Form 1099 (US-based independent contractor taxes)
In the United States, independent contractors must pay self-employment taxes on any income they receive from their work as a contractor. You need to withhold income tax from each payment you make to them (similar to how employees' wages are taxed). You then forward this money along with your portion of FICA (Social Security) tax payments (15.3 percent) to the IRS monthly via the Electronic Federal Tax Payment System (EFTPS).
This form reports income from independent contractors whose clients have not issued a W-9 document. It reports income paid out during the year and must be issued by January 31st. The IRS requires employers who give more than $600 in payments to non-employees during one calendar year to provide them with this form.
Form 1099 (contractor paid through a third party)
If your company pays a contractor through a third party such as a payroll service or accounting firm, the third party will issue a Form 1099-MISC (Miscellaneous Income) at the end of the year. This form reports income paid to contractors who are not employees and will include any expenses reimbursed by the employer.
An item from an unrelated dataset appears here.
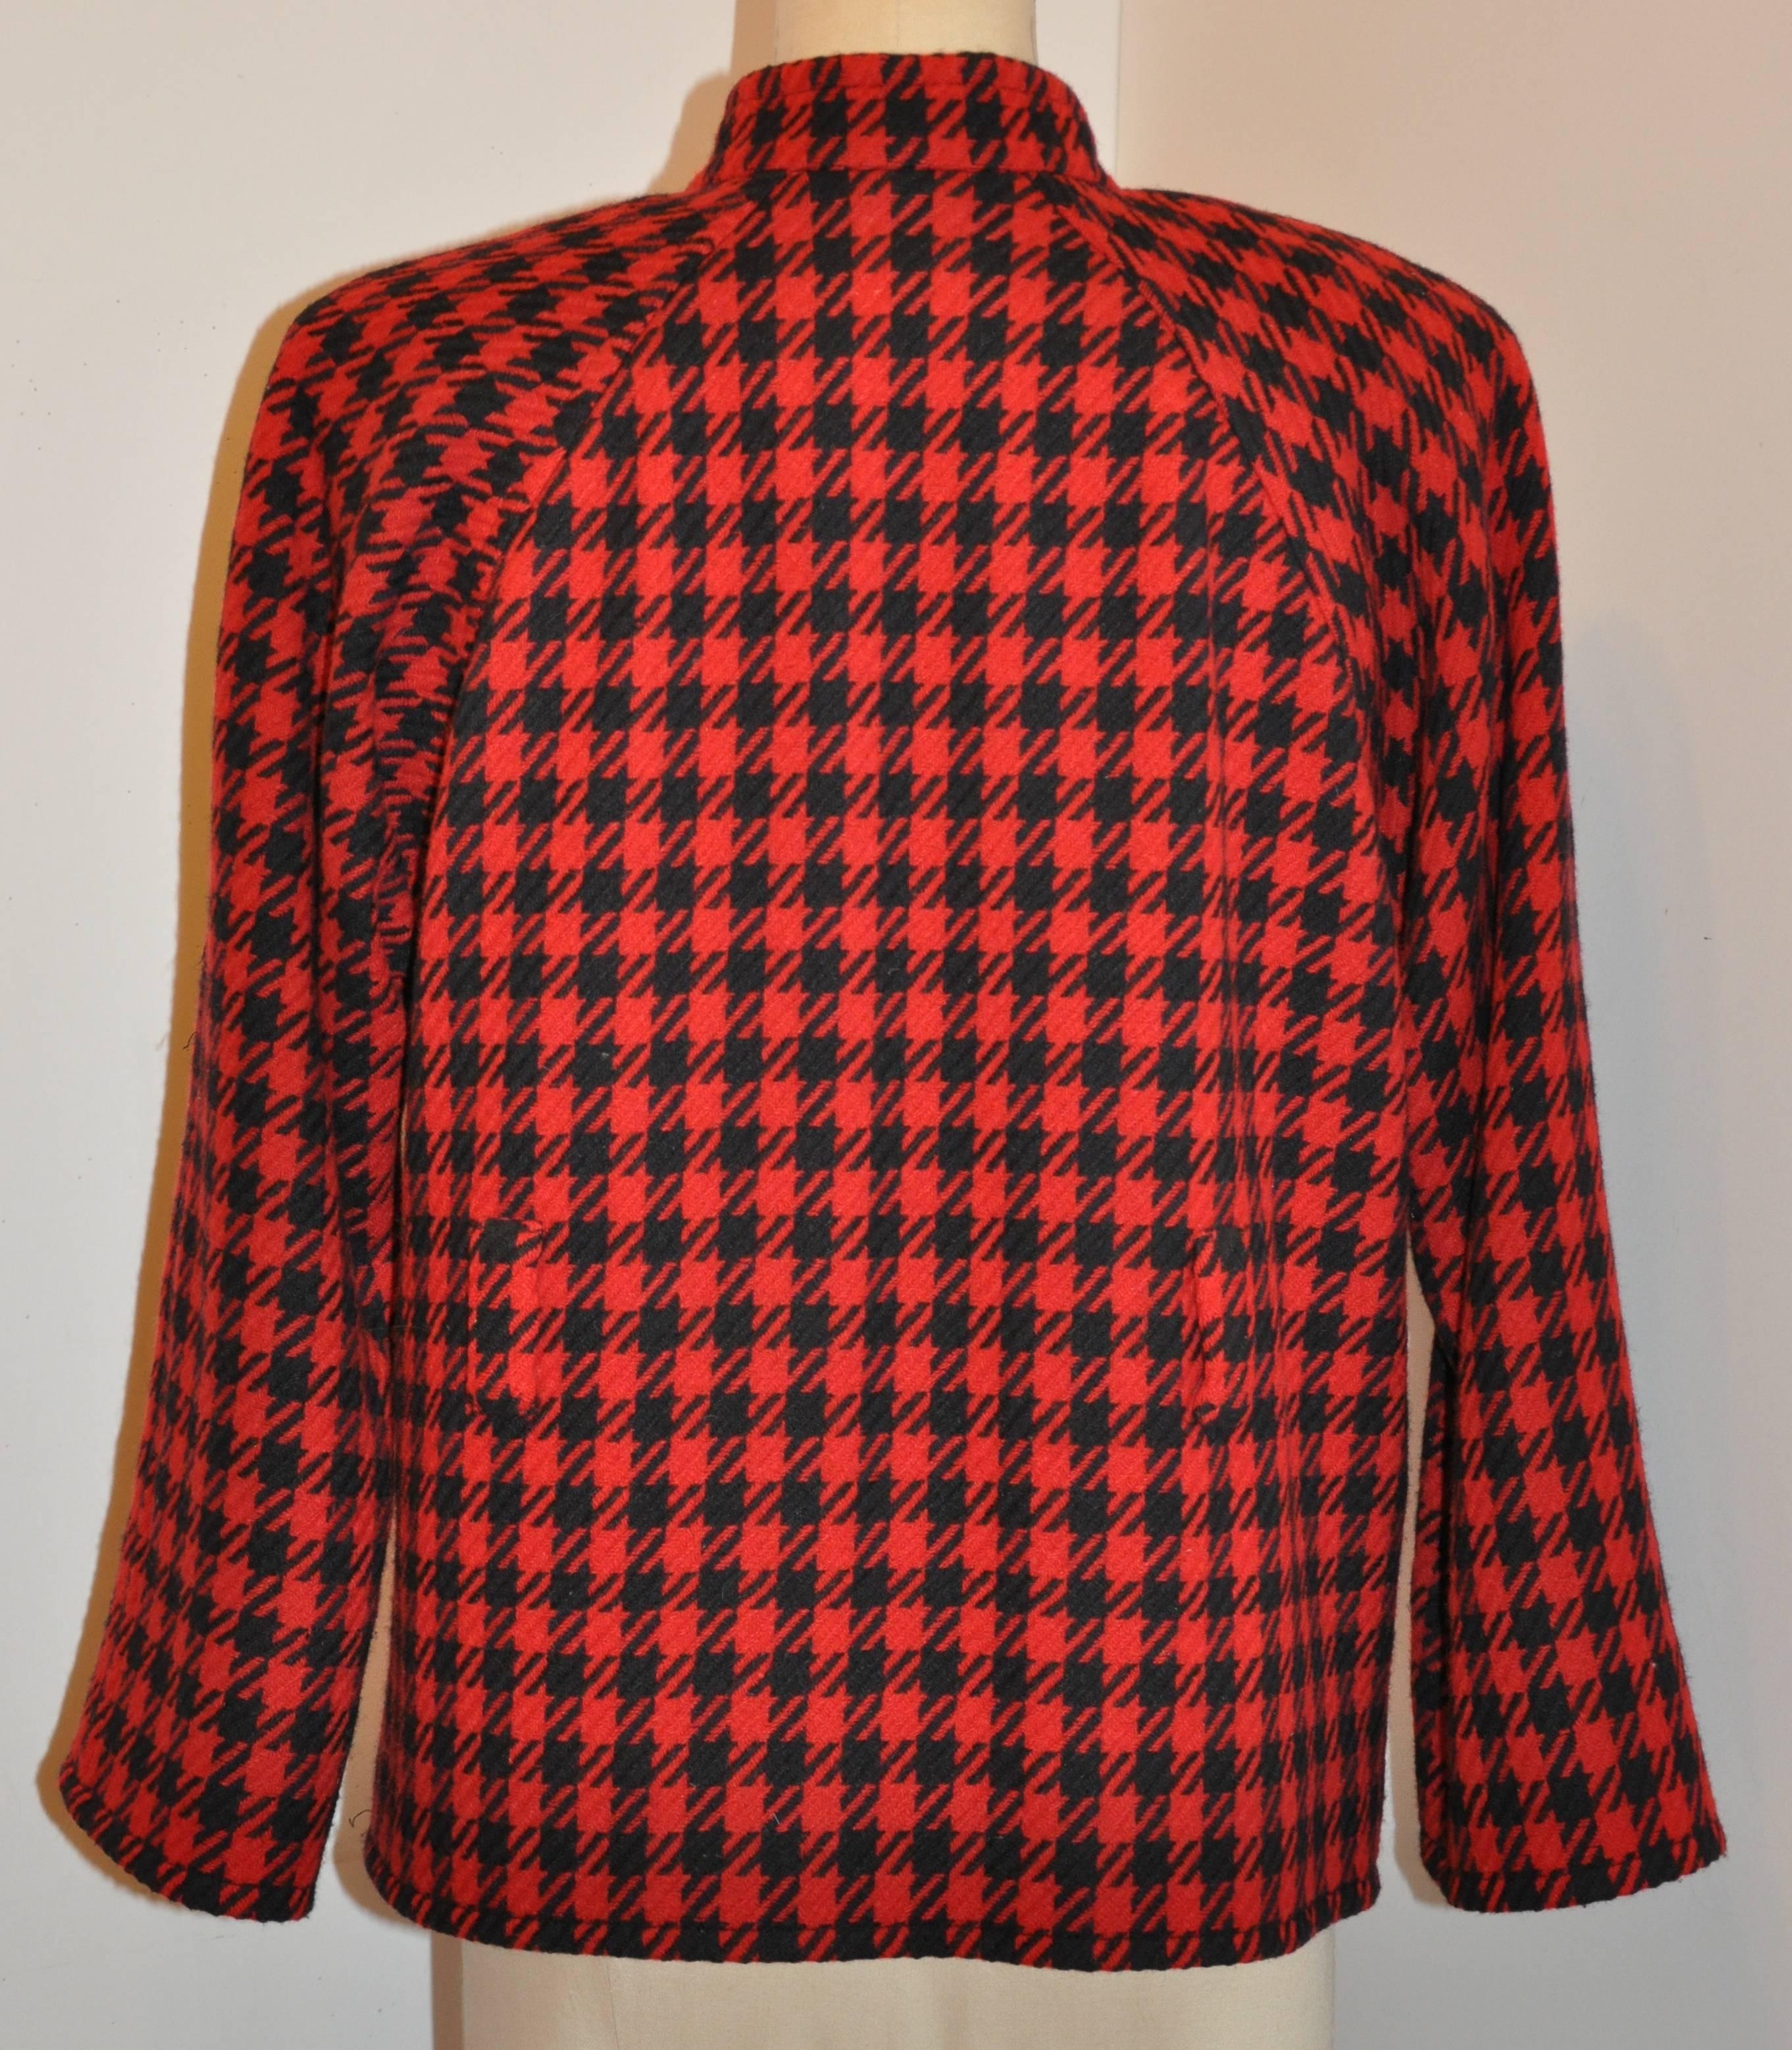 red and black checkered jacket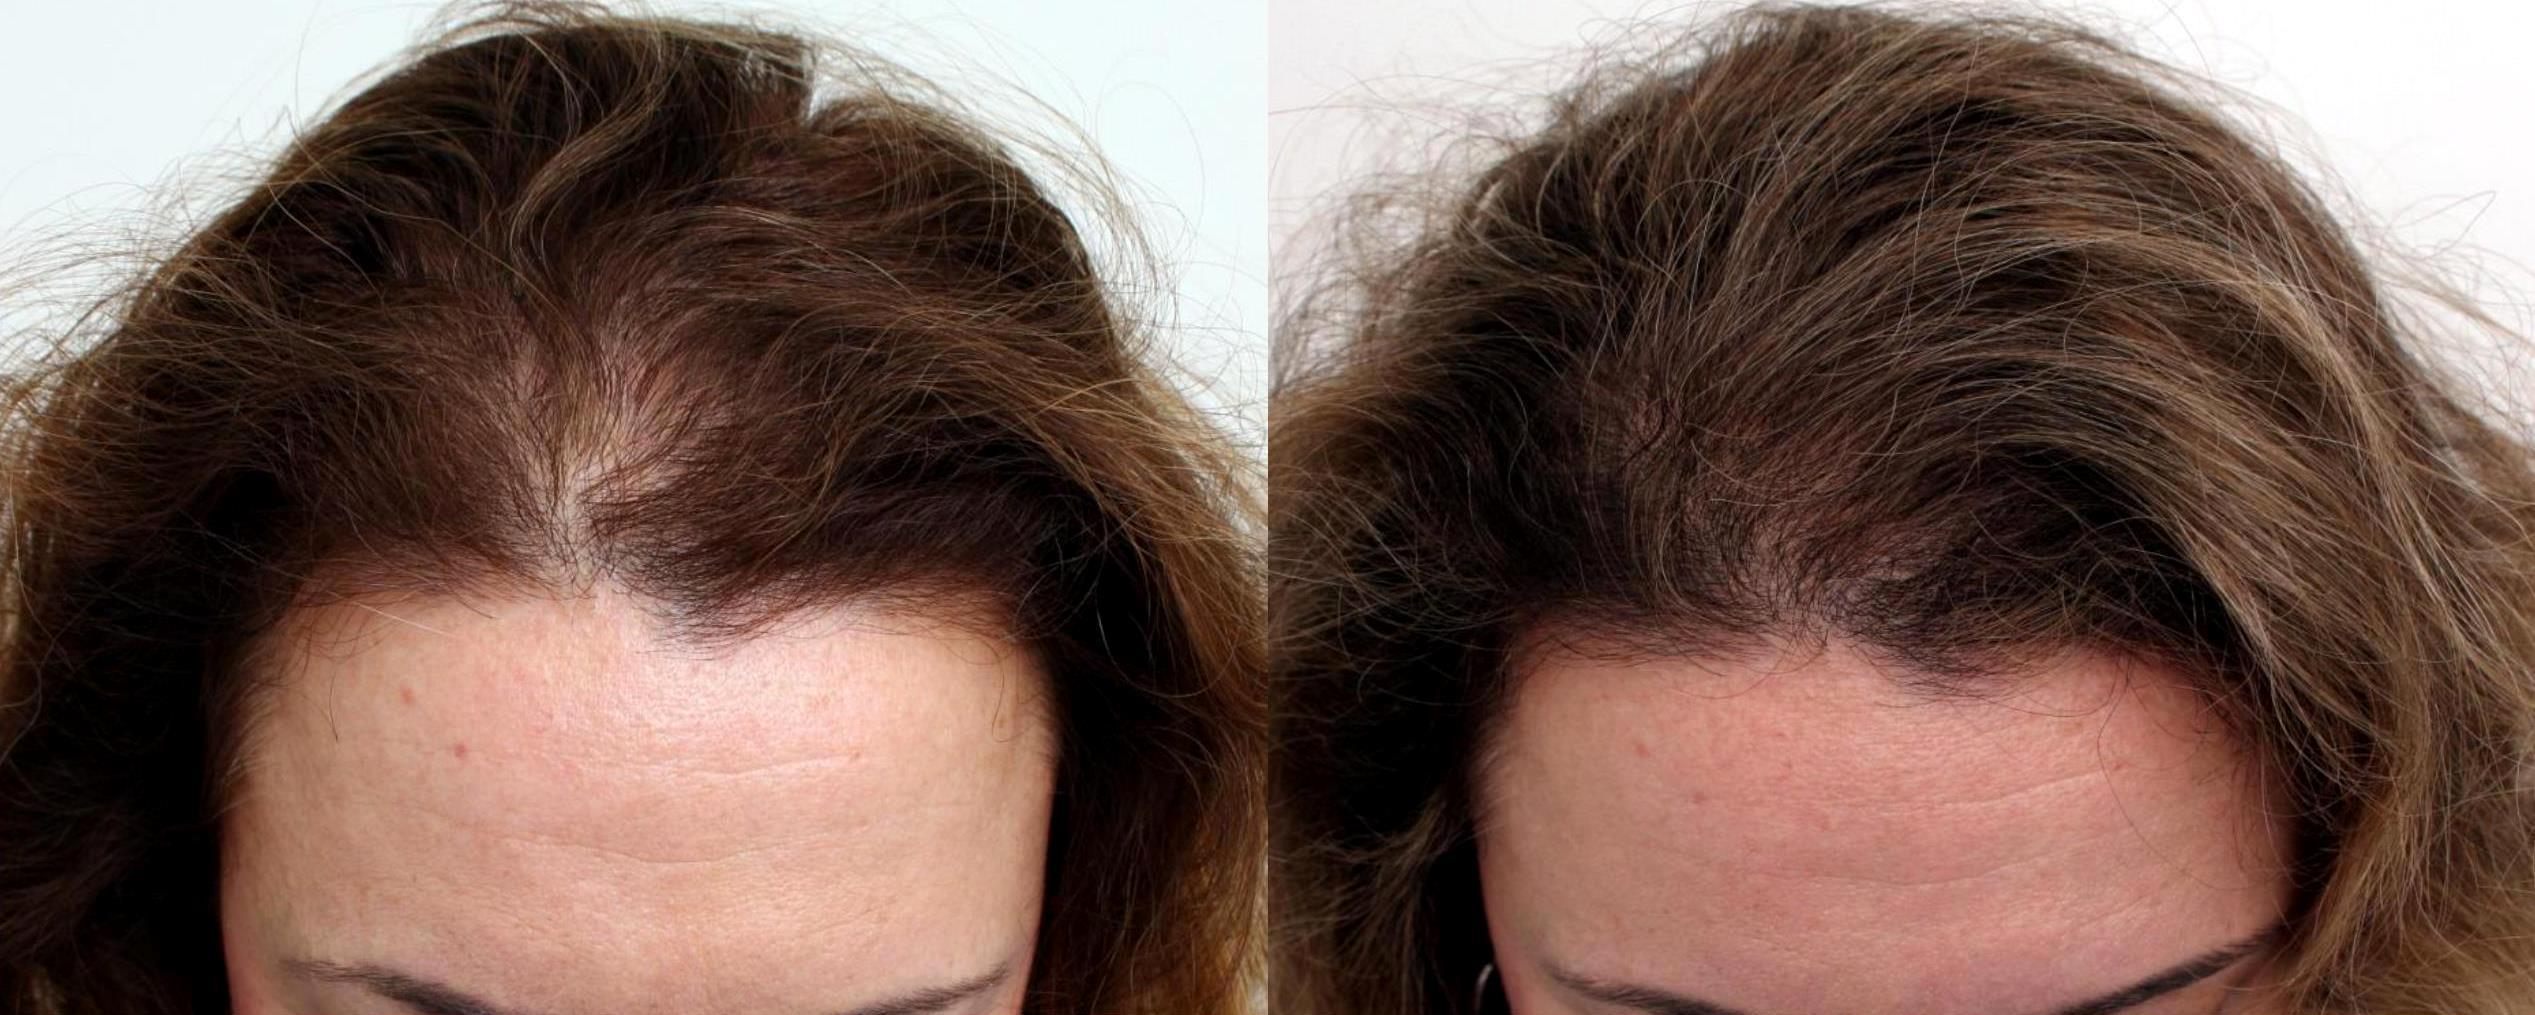 All about - Hair loss in women

In Canada and the United States, payments made from one company to another are considered taxable income for both parties involved — even if they don't include payroll deductions or withholdings from their paychecks. If an individual is paid through a third-party agency or another intermediary (like an LLC), they may need to file their income tax return with their local government authority.
Form 1042 (non-US contractors)
Form 1042 is used for all nonresident alien contractors who do business in the United States and pay U.S.-source income. It is used by U.S. employers or payers (corporations or individuals) as part of their withholding obligation under U.S. tax law and international tax agreements (such as double taxation treaties).
The following information must be reported on Form 1042:
- Name, address, TIN, and SSN or EIN (if applicable) of nonresident alien contractor
- Amounts paid during the year (including bonuses, commissions, or other payments)
Form 1042 is an annual information return that you must file if you have withholding agents (such as a staffing agency) who withhold tax from nonresident alien employees. The form contains information about these employees and includes their Social Security numbers so that the IRS can match them with their W-2s.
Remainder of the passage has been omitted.